Meanwhile, the man standing in Davis’s way is not happy. Michel Barnier, the EU’s austere chief
Brexit negotiator, is becoming visibly impatient. As Davis began his swing through the EU’s Nordic
countries, Barnier recently told ministers behind closed doors in Brussels: “I know he’s spending a
lot of time visiting you but I want David Davis to come to Brussels to negotiate.”

Barnier, 67, and Davis, 69, come at the negotiations from completely different political positions
and with completely different personal styles, but their fates are inextricably entwined. Davis needs
Barnier to help find compromises to smooth the path to his cherished Brexit.

Barnier also needs Davis — and a deal this autumn — to help propel him to the job he has long
coveted. It is an open secret in Brussels that Barnier hopes to become the next European
Commission president. A failure in the talks would be economically damaging for both sides and
would wreck his hopes of ending his own career on an unexpected high.

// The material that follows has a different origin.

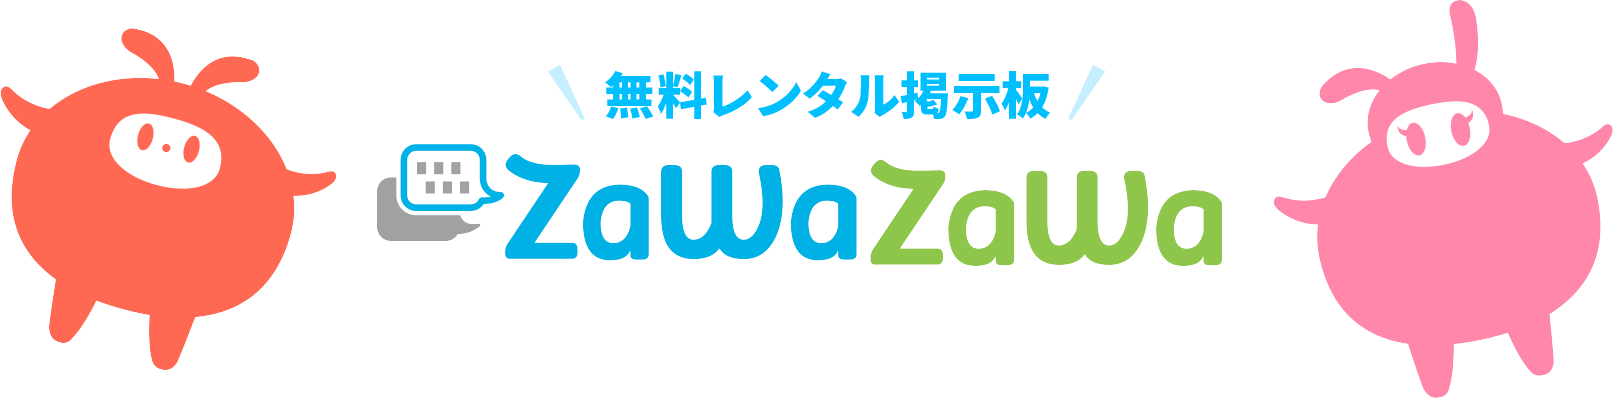 無料レンタル掲示板 zawazawa

For the moment, Barnier’s job is to represent the EU’s remaining 27 member states in Brexit talks
and deliver an “orderly withdrawal” for Britain, while ensuring the country pays a price for leaving
the club. His direct team is relatively small — a tenth of the UK’s approximately 600-strong Brexit
department — but, like Davis, he acts as a political nerve centre, managing input from countless
officials, politicians and lobbyists.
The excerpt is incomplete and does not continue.